Training a transcription Model

    In this tutorial, you will learn how to train a transcription model in Arkindex.

    This section is to be followed and carried out after creating the ground-truth annotations.

    When annotating on Callico, you reused the Arkindex Pellet dataset you created earlier. You may have already made this dataset immutable while training a segmentation model:

    Optional step - Clone an existing dataset🔗

    An immutable dataset is locked to avoid any issues, such as data leakage or accidental deletions, it is associated to a snapshot of the elements it contains. Therefore, when a dataset is already locked and new data is added to its elements (e.g. through the export of results from Callico), it will not be added to the snapshot which is unalterable.

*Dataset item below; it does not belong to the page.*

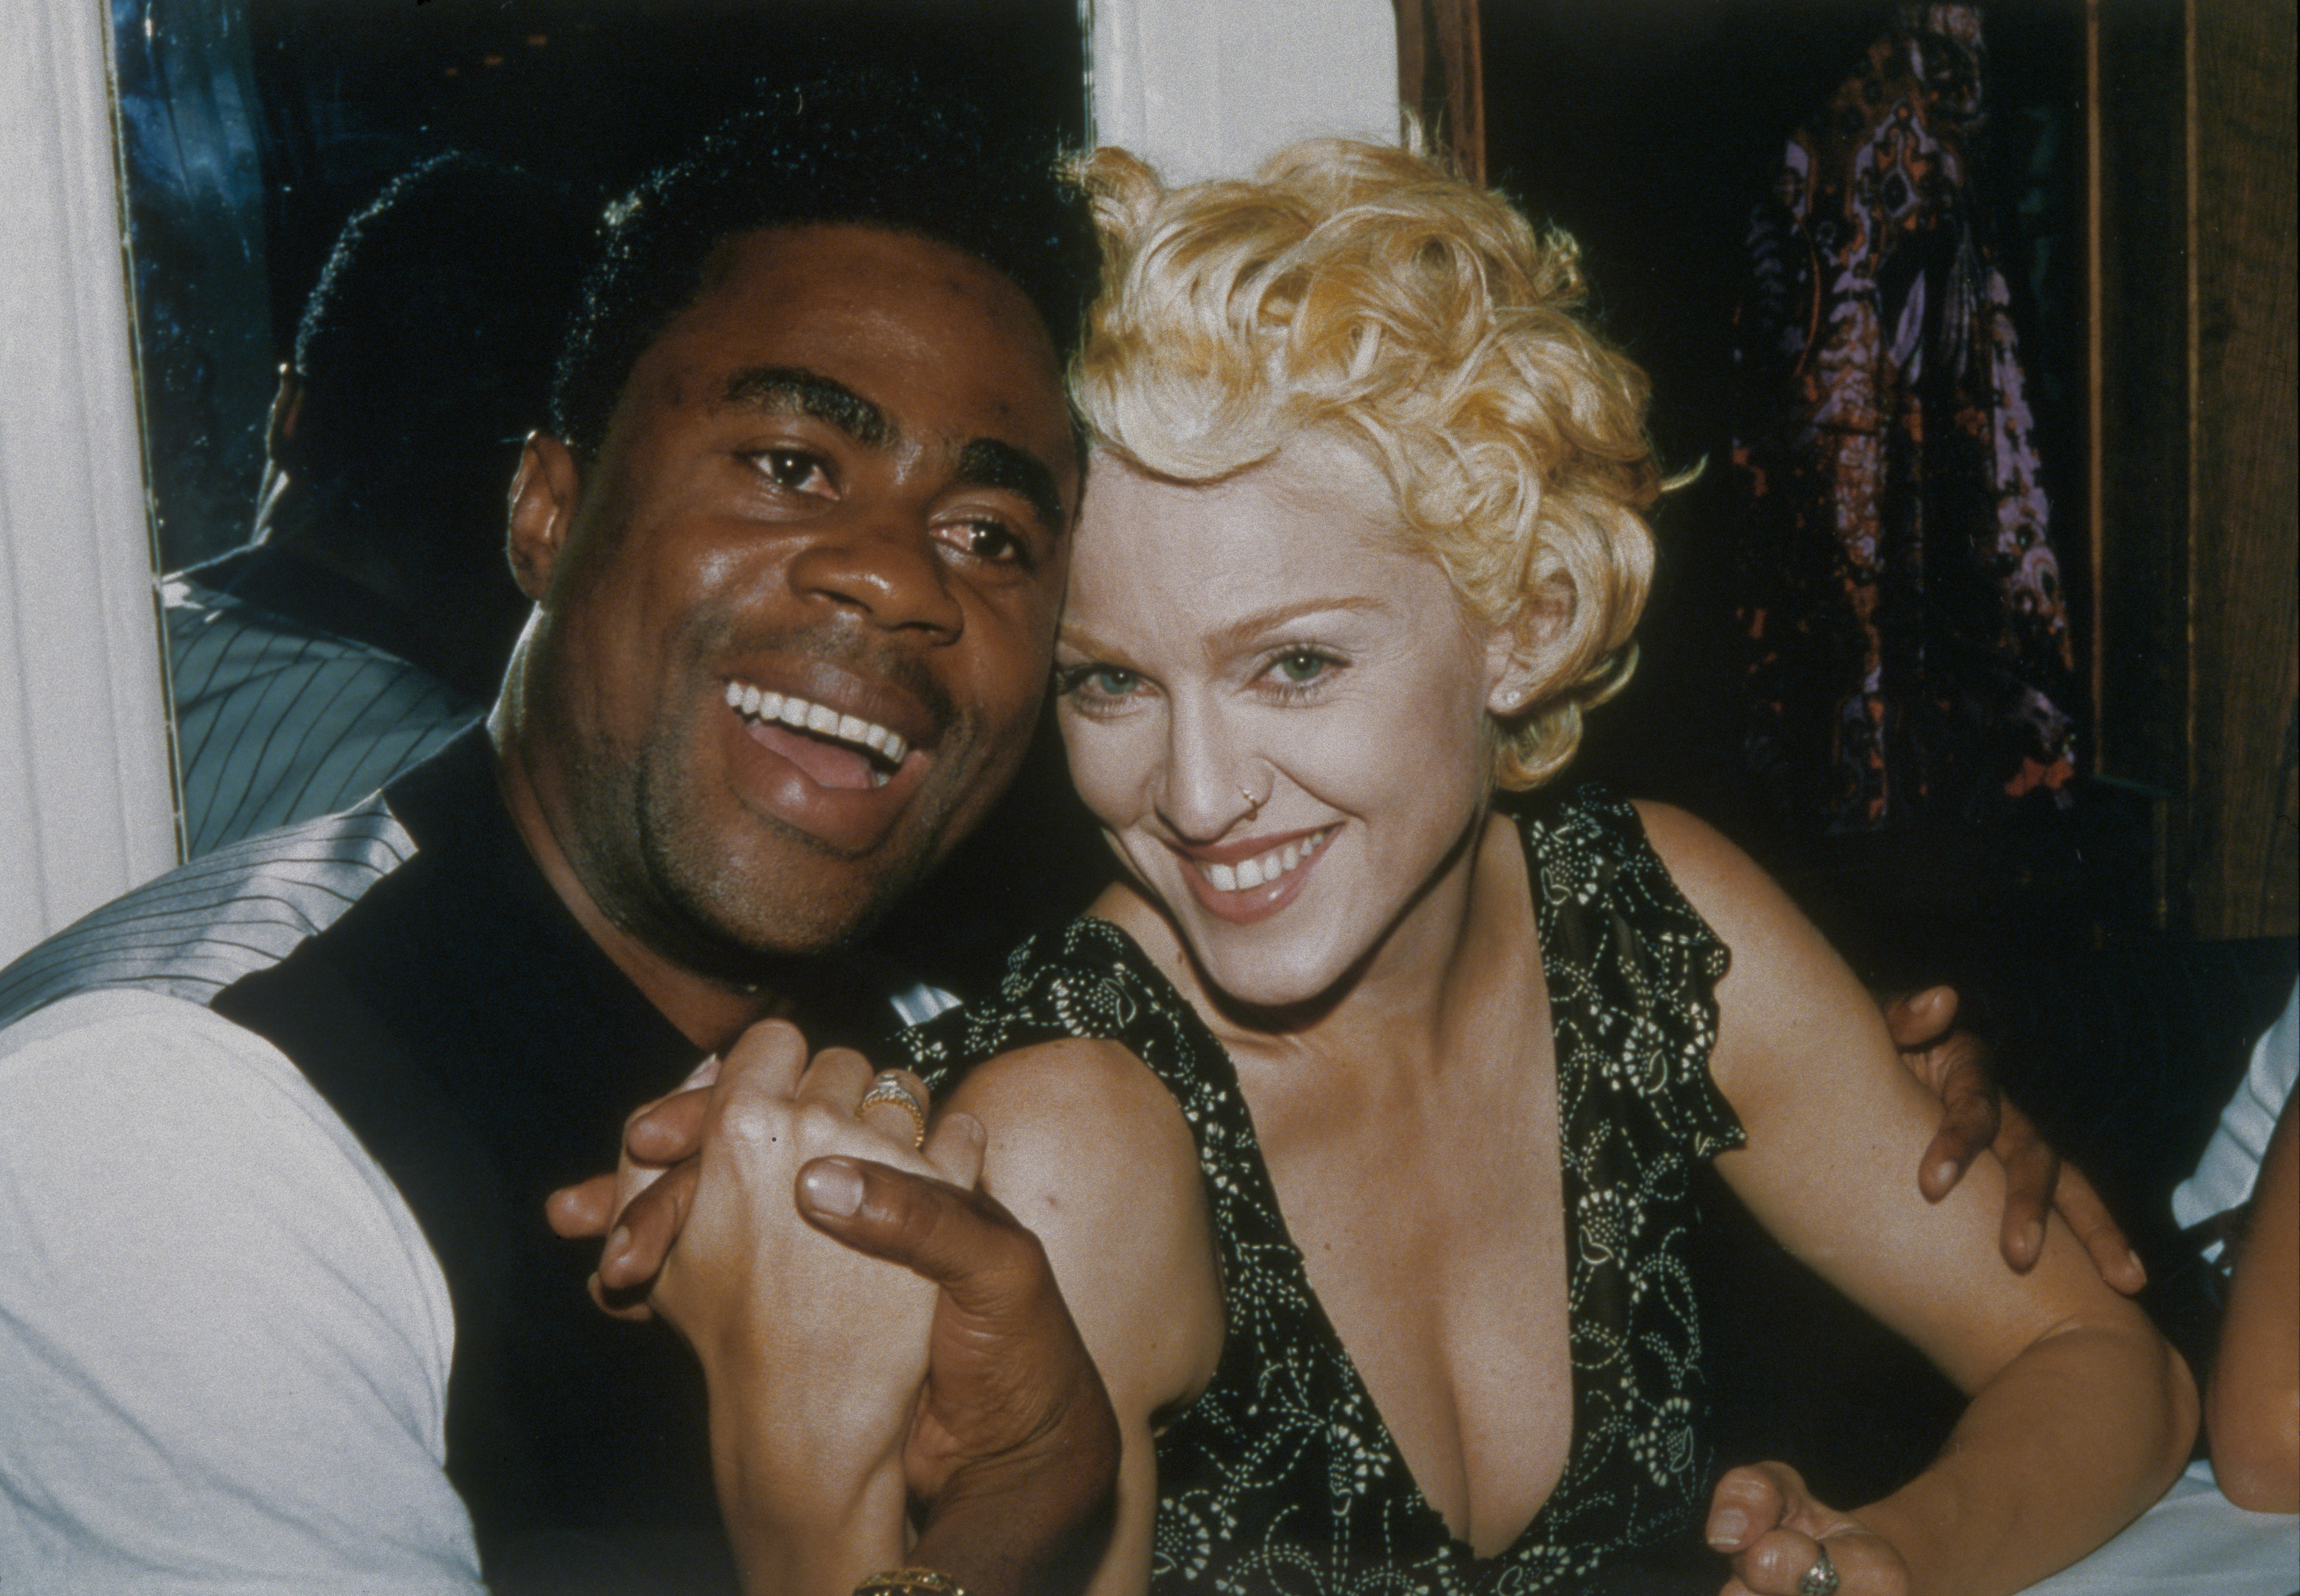 Madonna sitting and smiling while holding hands with a smiling man
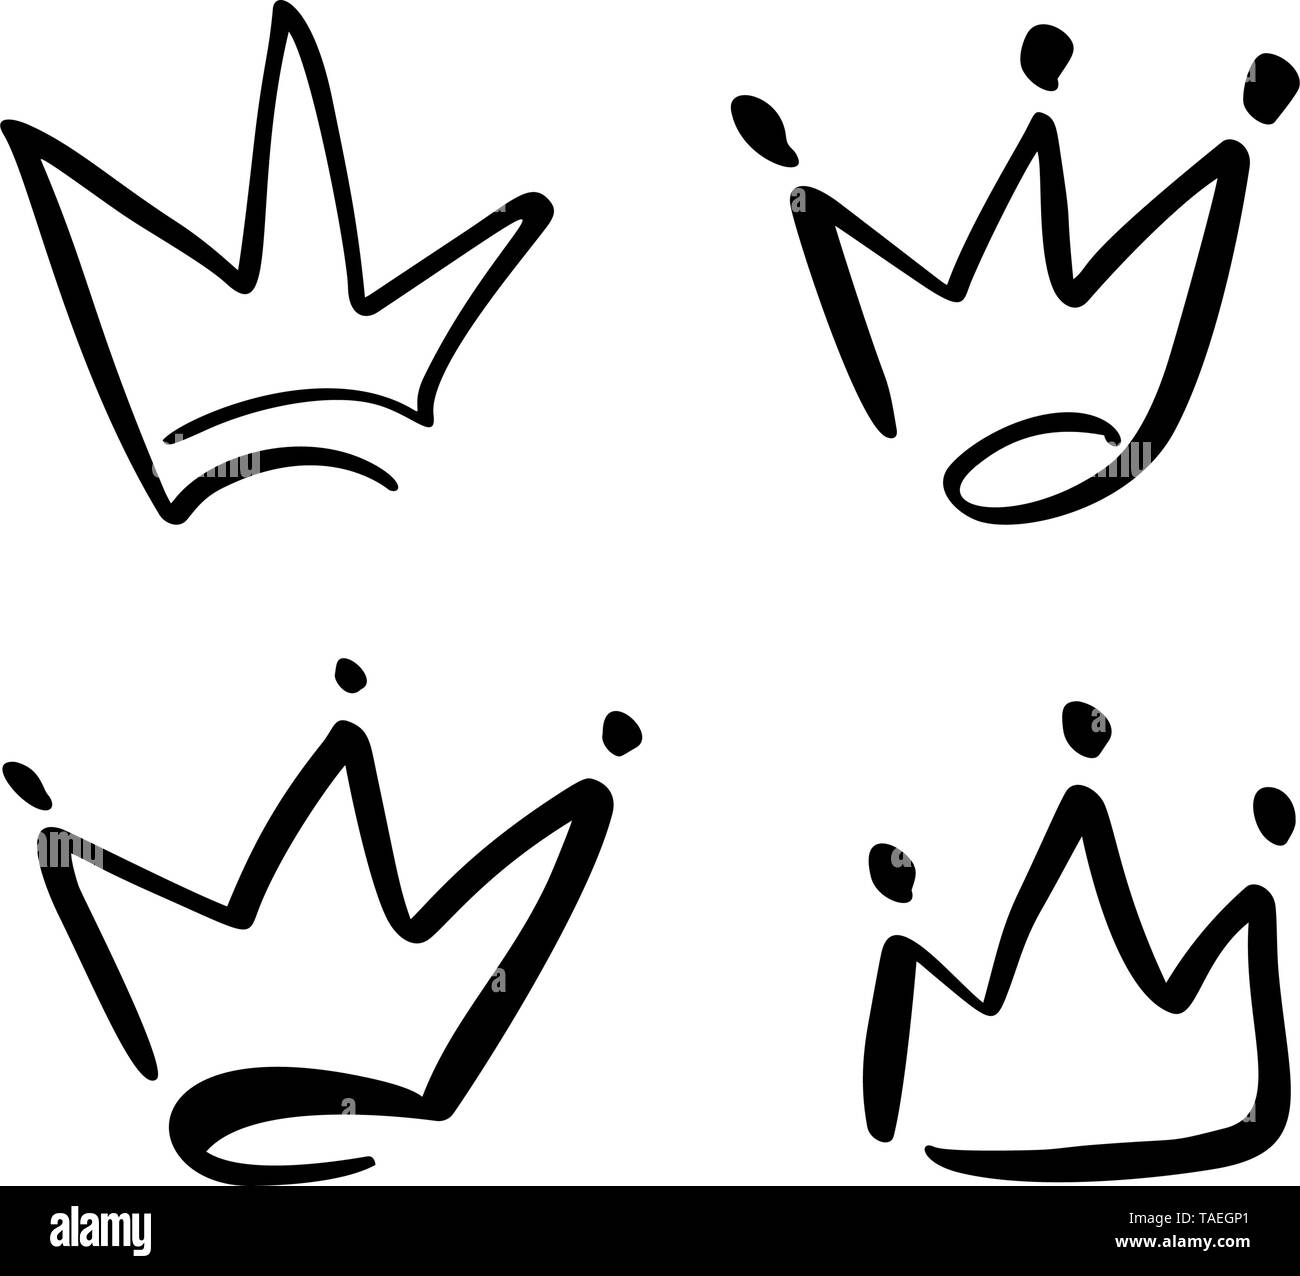 Set of hand drawn symbol of a stylized crown. Drawn with a black ink and brush. Vector illustration isolated on white. Logo design. Grunge brush Stock Vector

    In the previous tutorial, you gathered annotations on Callico and exported them back to Arkindex. If the dataset you were working with is already locked, we need to clone it in a mutable one.

    To do so, navigate to your Arkindex project details page, then, open the Datasets tab and click on your dataset name:

    Access the dataset details page on Arkindex
    Access the dataset details page on Arkindex

    You will be redirected to the details page of the Pellet dataset. There, click on the Clone blue button:

    Clone the dataset into a new one
    Clone the dataset into a new one

    A modal will open, asking you to confirm you wish to clone the dataset, approve by hitting the Clone blue button once again. Upon approval, you will reach the details page of a new dataset named Clone of Pellet, which state will be Open!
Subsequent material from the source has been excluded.